_Task to complete_. How does the data below read from its first line through the line containing "2pcs/4pcs Wall Hooks"? Print those lines exactly.

○ ○ ○ ○ ○

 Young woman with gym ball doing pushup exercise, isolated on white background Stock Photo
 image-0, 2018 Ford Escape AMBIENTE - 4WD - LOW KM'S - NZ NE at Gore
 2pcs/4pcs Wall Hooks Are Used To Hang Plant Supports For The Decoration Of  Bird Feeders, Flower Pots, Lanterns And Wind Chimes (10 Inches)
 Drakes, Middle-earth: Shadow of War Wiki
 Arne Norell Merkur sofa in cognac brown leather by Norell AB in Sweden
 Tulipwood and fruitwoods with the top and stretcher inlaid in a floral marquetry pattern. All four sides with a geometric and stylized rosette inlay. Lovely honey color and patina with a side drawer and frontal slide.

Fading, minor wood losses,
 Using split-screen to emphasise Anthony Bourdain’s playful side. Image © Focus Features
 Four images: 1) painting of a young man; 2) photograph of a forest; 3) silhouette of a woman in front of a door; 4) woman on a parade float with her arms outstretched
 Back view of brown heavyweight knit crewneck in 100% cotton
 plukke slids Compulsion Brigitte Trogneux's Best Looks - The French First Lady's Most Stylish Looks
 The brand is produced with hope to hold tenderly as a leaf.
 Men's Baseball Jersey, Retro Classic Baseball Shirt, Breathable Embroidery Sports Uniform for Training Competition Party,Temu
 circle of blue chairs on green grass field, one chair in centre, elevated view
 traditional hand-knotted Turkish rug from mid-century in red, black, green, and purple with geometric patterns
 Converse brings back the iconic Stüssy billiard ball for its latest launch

○ ○ ○ ○ ○

_Solution below_.
 Young woman with gym ball doing pushup exercise, isolated on white background Stock Photo
 image-0, 2018 Ford Escape AMBIENTE - 4WD - LOW KM'S - NZ NE at Gore
 2pcs/4pcs Wall Hooks Are Used To Hang Plant Supports For The Decoration Of  Bird Feeders, Flower Pots, Lanterns And Wind Chimes (10 Inches)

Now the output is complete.